Ota: On the flip side, this was an amazing opportunity. A single piece might be seen as just a rare item, but with a set of five, I felt my approach could really be understood. I initially used a pin-up motif, but it felt unoriginal. Dropping that idea broadened my perspective and made the design process more enjoyable. I focused on honouring the material as it is, finding beauty in its unrefined state. This approach allowed me to create work that truly respects and elevates the material.
Aoyagi: Actually, there are longtime followers of Mr. Ota in the Nepenthes audience, and this design will likely catch them off guard. That contrast is part of the appeal.
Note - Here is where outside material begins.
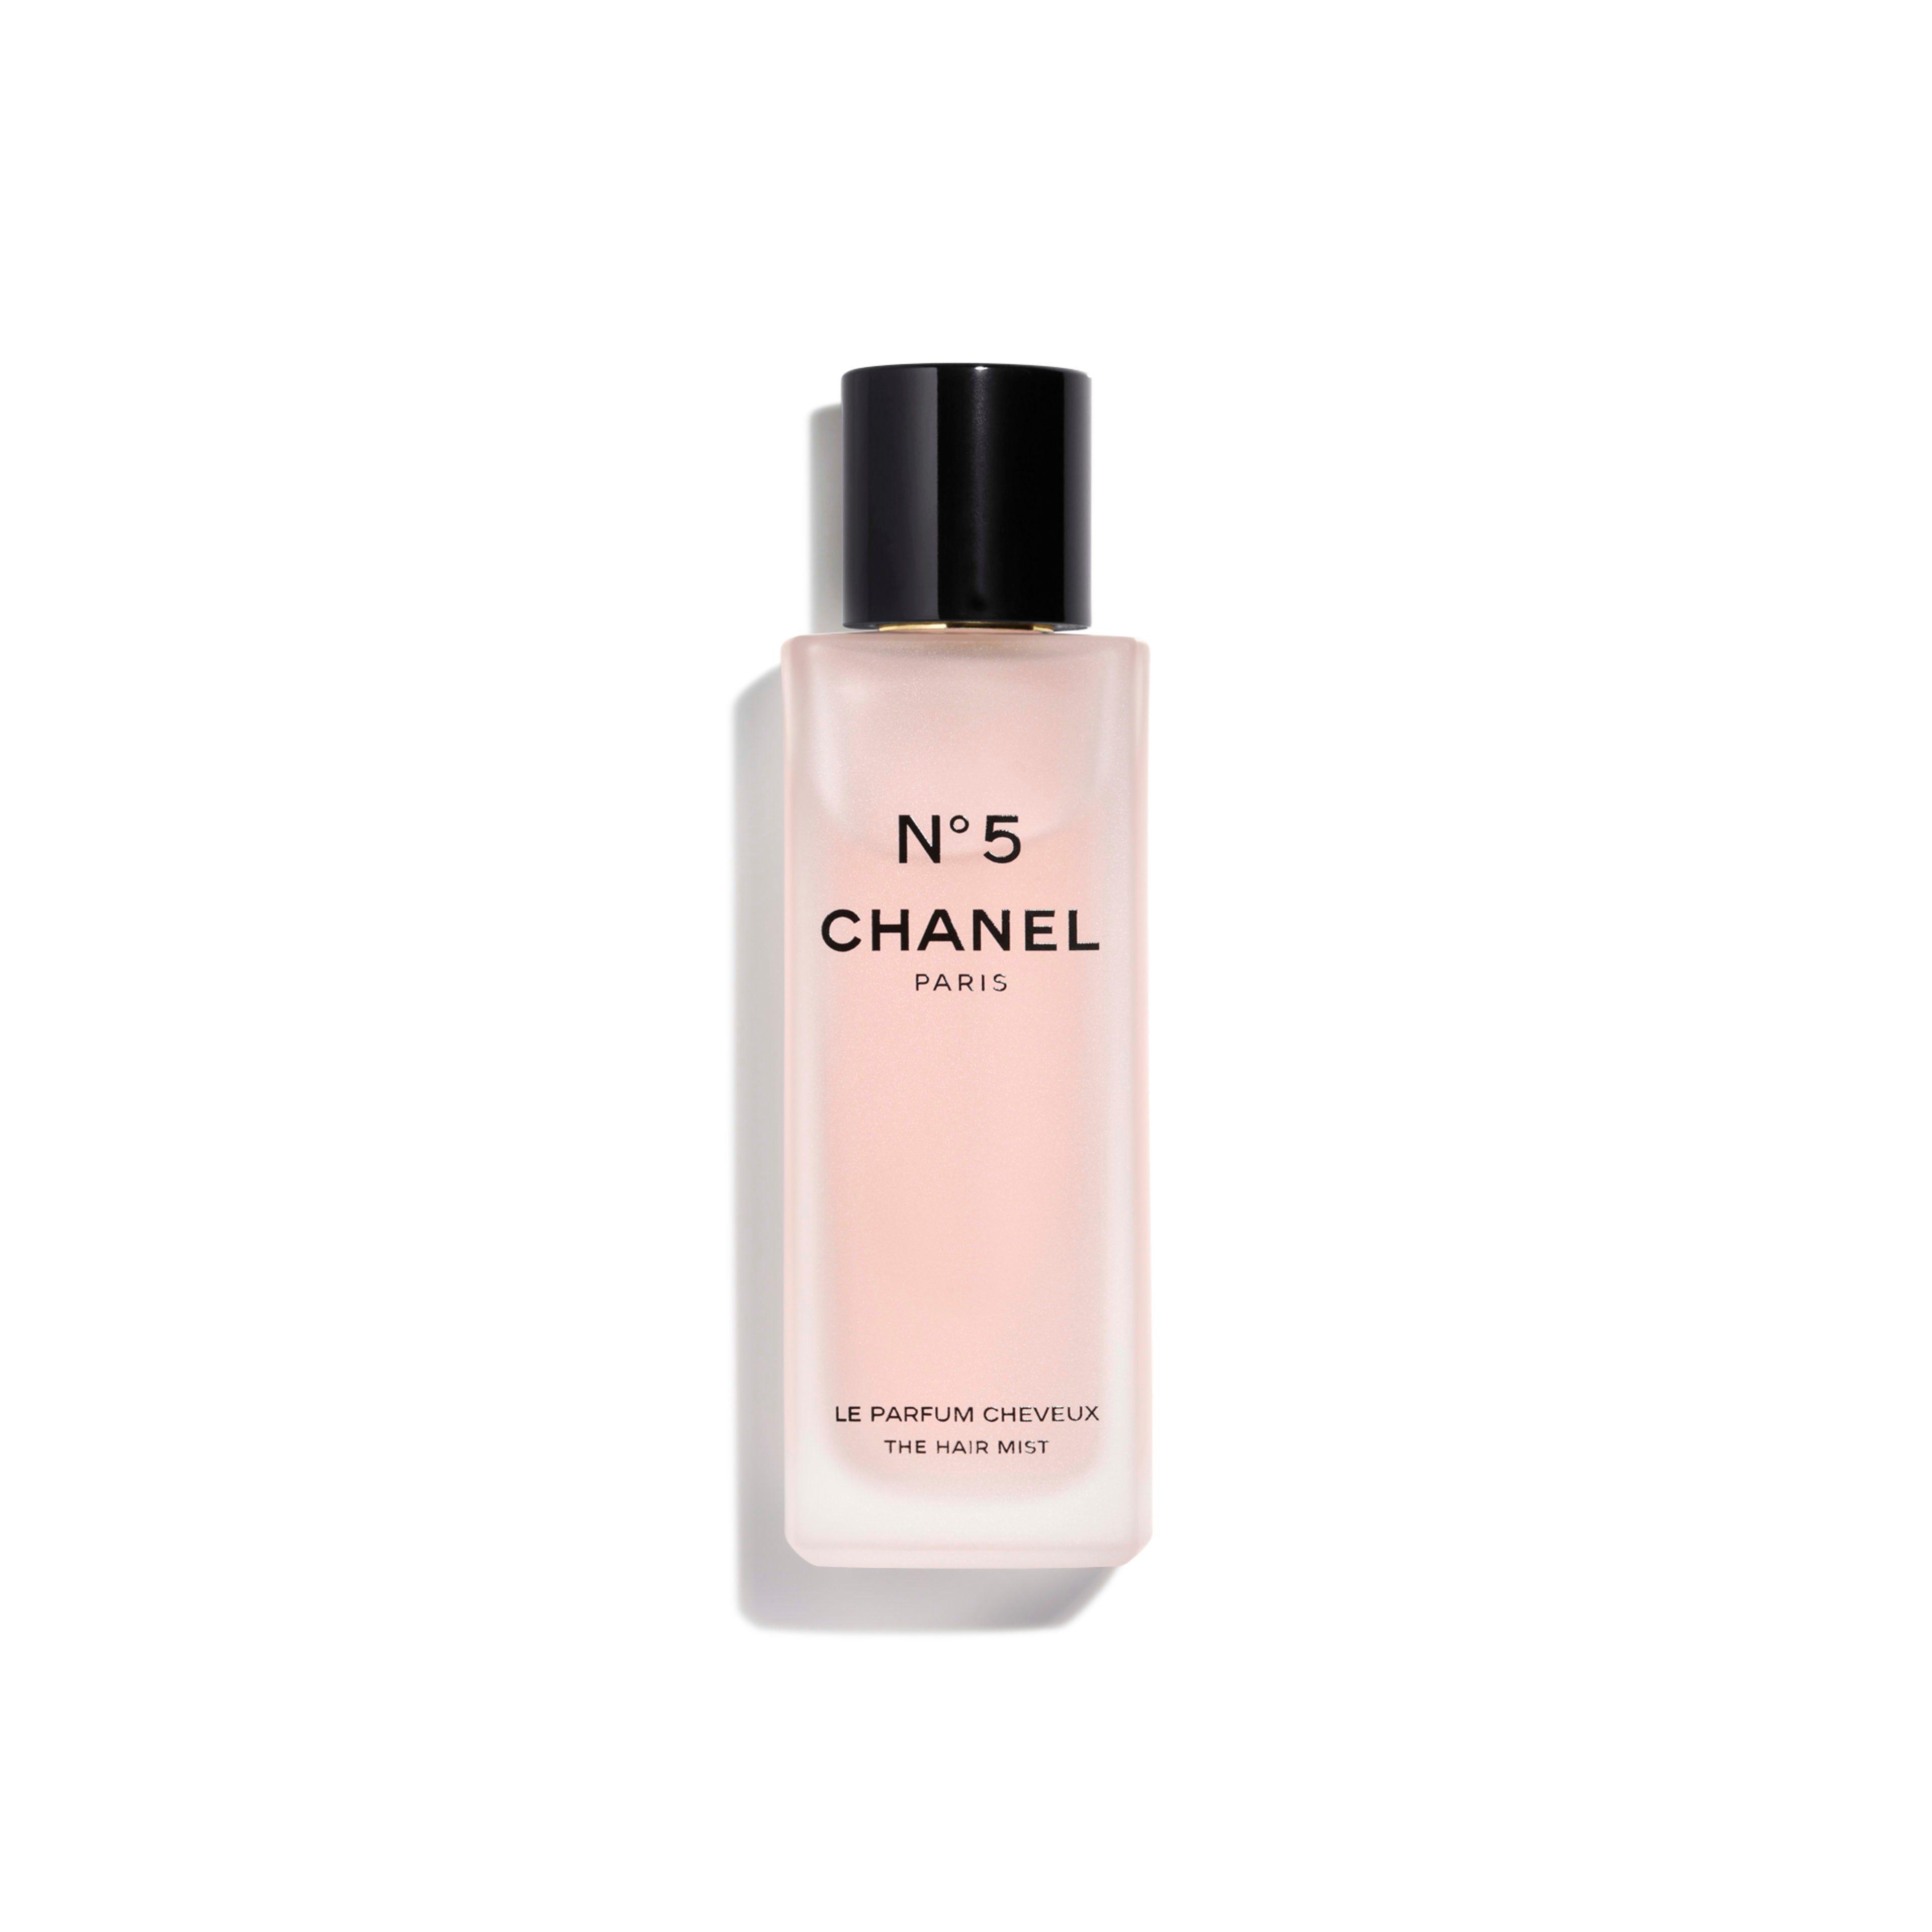 Never Spray Perfume In Your Hair

Ota: Because you won’t find a single hint of izakaya anywhere! [laughs]
Aoyagi: Perhaps the best thing about this project was being able to highlight Mr. Ota beyond the izakaya scene.
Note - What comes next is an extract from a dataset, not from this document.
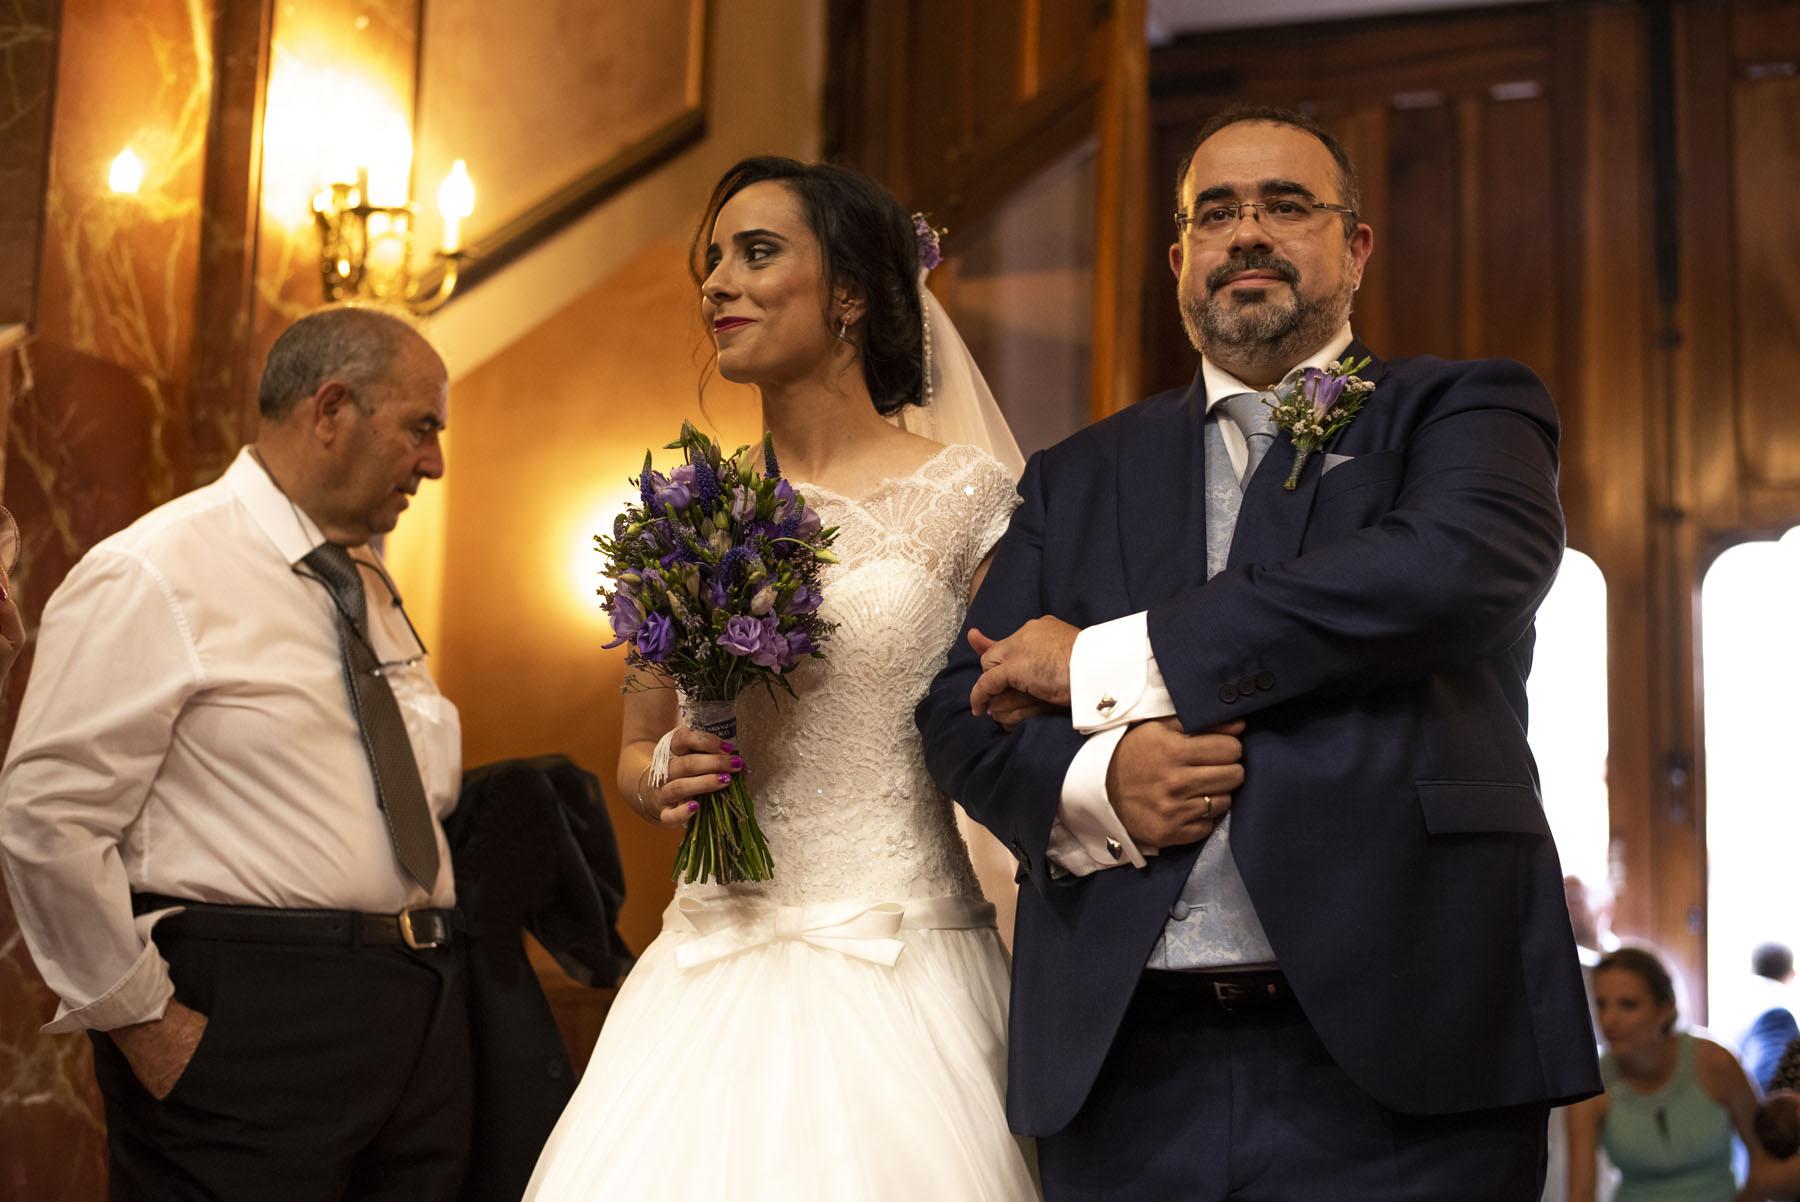 fotografo para bodas badajoz y caceres

Nepenthes: We get the sense that the style and nature of Edokko are a guiding philosophy in your life, Mr. Ota.
Ota: Design is about collecting and creating the ‘aesthetic of the masses’. I grew up in a rural area, but I’m fond of what Edo represents: the aesthetic, style, and swagger of Tokyoites. In Osaka, people enjoy izakaya-hopping, but Edokko often view that as something only outsiders would do. They’re loyal to their regular spots. The shop knows them, their seat is always the same, and “the usual” is all it takes. Yet for all that pride, their tolerance is low. Three drinks, and they’re out cold. That kind of stubborn pride shows up a lot in rakugo stories. They might not have any money left by the next morning, but they always carry a fresh tenugui in their pocket, and when they dress up a bit, they place a folding fan in front of them. It’s a small gesture of swagger, but there’s something endearing and charming about it, isn’t there?
Kazuhiko Ota / 太田 和彦
Born in 1946 in Beijing, raised in Nagano Prefecture. Ota graduated from Tokyo University of Education (now Tsukuba University) in 1968 and joined the advertising department at Shiseido as a designer. In his late 30s, he founded the izakaya Kenkyūkai and began publishing its newsletter. In 1989, he became independent and established Amazon Design. In 1990, he published his first book, Izakaya Taizen. Since then, he has pursued both design work and his explorations of izakaya culture in parallel, producing a wide range of distinctive works. From 2000 to 2007, he taught at Tohoku University of Art & Design. He has received numerous design awards, including the ADC Award (1973, 1983, 1984) and the Mainichi Advertising Design Award. His design portfolio includes the collection Alternative Advertising for Shiseido (Kyuryudo). Among his major writings on izakaya culture are Nippon Izakaya Hōrōki (Shinchosha), Izakaya Hyakumeizan (Shinchosha), and Nihon Izakaya Isan (Two Virgins). He is also known for his television work as the host of Kazuhiko Ota no Furari-tabi Shin-Izakaya Hyakusen, currently airing on BS11. A devoted fan of musician Kiyoshiro Imawano, he has recorded early live performances in the 1970s, which were later released as RC Succession Official Bootleg: Kanashii Kotobakkari. He is also deeply knowledgeable about film, with published work such as Cinema Daiginjō (Shogakukan Bunko) and The Story of Izakaya Gingetsu (Nikkei Bungaku Bunko).
Tokuro Aoyagi / 青柳 徳郎
Born in 1970 in Suginami, Tokyo. Director and COO at Nepenthes. Joining Nepenthes America Inc. in 1997, Aoyagi returned to Japan in 2007, serving as Creative Director and other roles before assuming his current position. He is well-versed in trout fishing and martial arts, and is also known as a devoted plant enthusiast.